The genetic laboratory typically provides results within a week to ten days, allowing the fertility clinic to proceed with embryo selection. The results are classified into several categories: euploid, meaning the correct number of chromosomes; aneuploid, indicating an abnormal number of chromosomes; or mosaic, which suggests the presence of both normal and abnormal cells within the trophectoderm sample. These results are then used by the physician to determine which embryos are suitable for transfer.
Embryo Safety and Outcomes
The modern technique of trophectoderm biopsy, when executed by an embryologist, has a high success rate and is considered safe for the embryo. Biopsy at the blastocyst stage, removing cells from the pre-placenta, minimizes the impact on the inner cell mass.
Immediately following the biopsy, the embryo is cryopreserved, or flash-frozen, using a technique called vitrification, while awaiting the genetic results. The survival rates of embryos after this biopsy and subsequent freezing/thawing process are high and comparable to those of non-biopsied embryos undergoing the same cryopreservation.

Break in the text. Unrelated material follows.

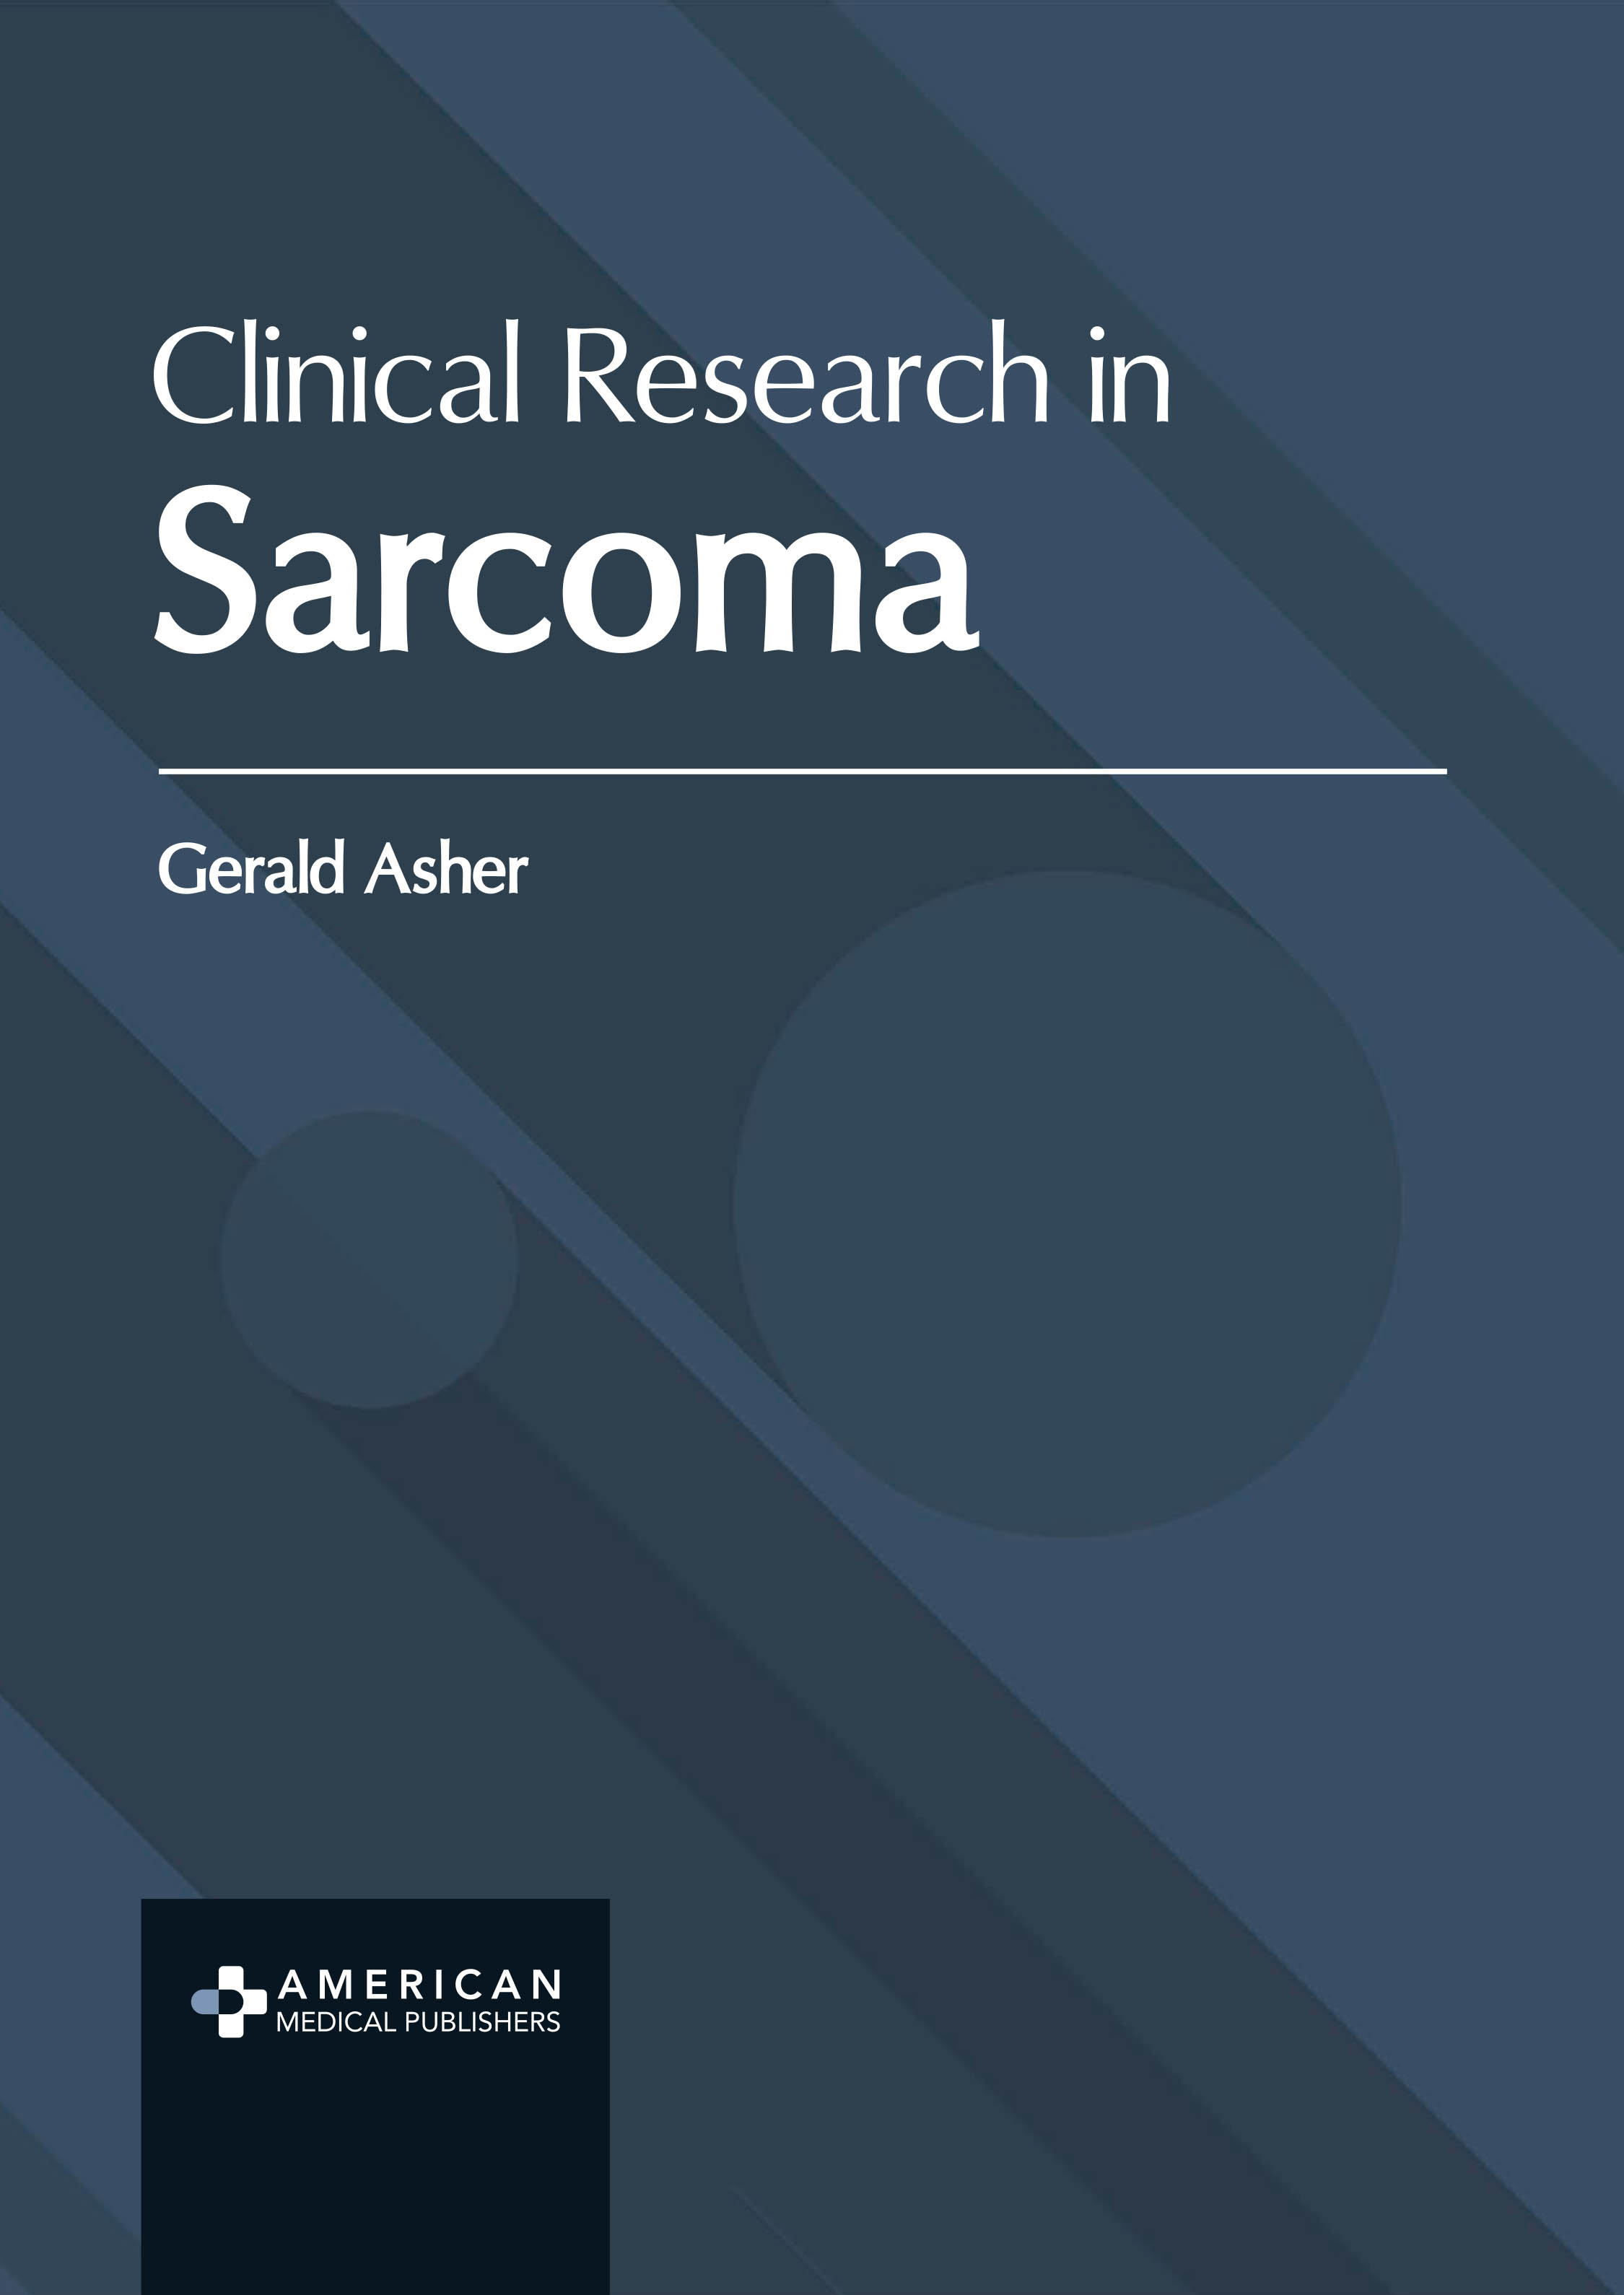 CLINICAL RESEARCH IN SARCOMA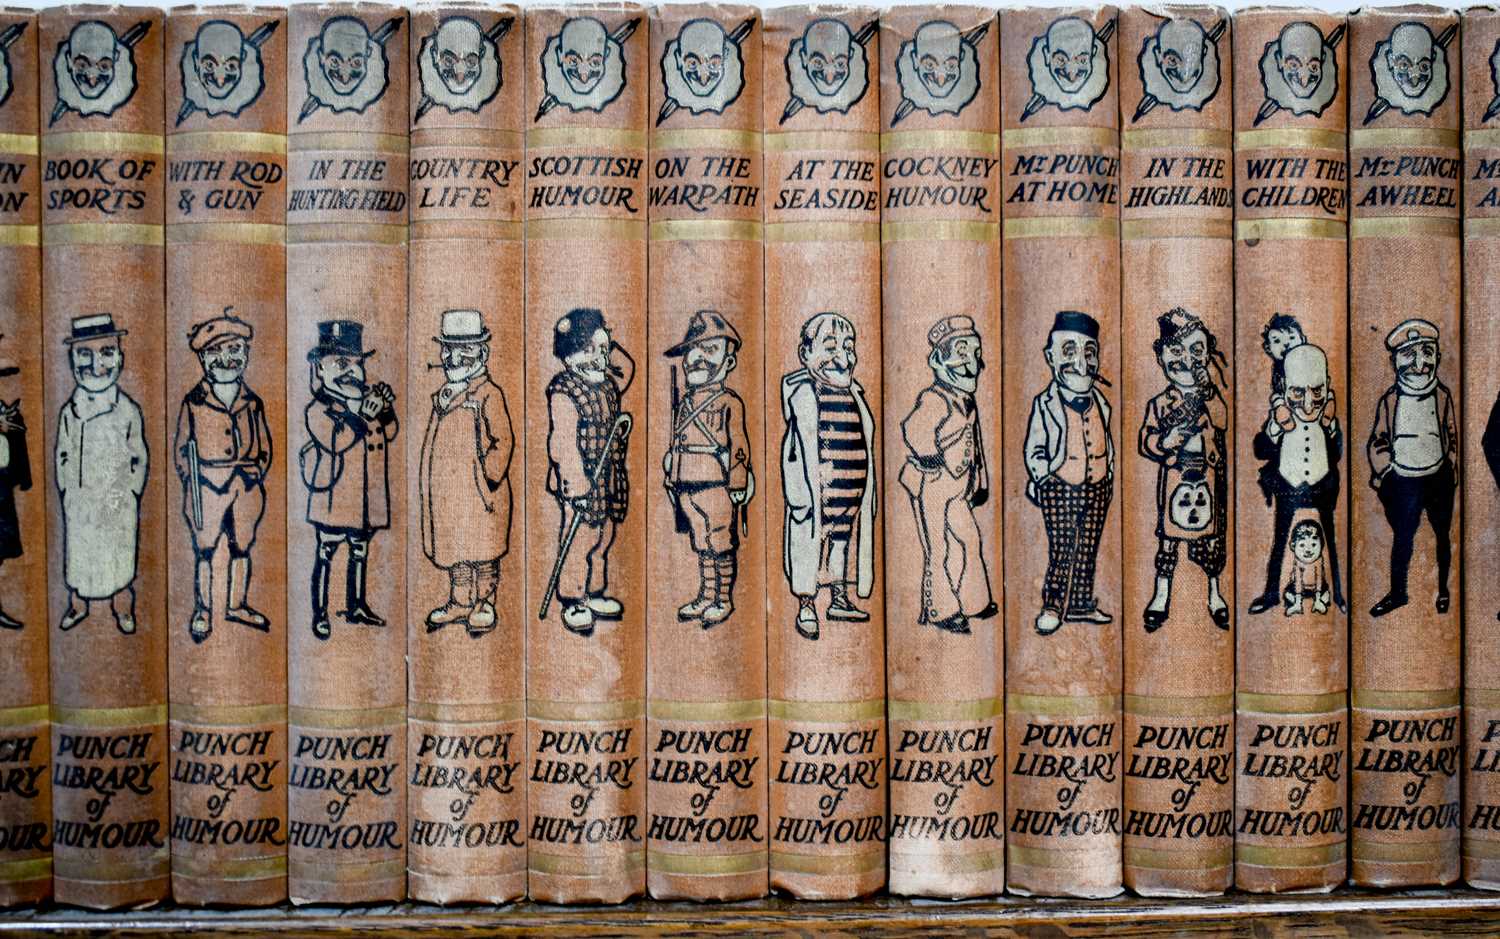 A set of Punch Library of Humour, 25 volumes, circa 1920, with pictorial cloth bindings, with oak - Bild 2 aus 2

This freeze-all approach allows time for the genetic analysis and ensures the embryo is transferred into a uterus prepared in a cycle separate from the stimulation phase.
The procedure has not been shown to compromise the embryo’s developmental potential, as it targets the trophectoderm, a cell lineage separate from the one that forms the baby. The use of PGT following a successful biopsy is linked to higher implantation rates per transfer and a lower risk of miscarriage because it allows for the selection of the most chromosomally normal embryos.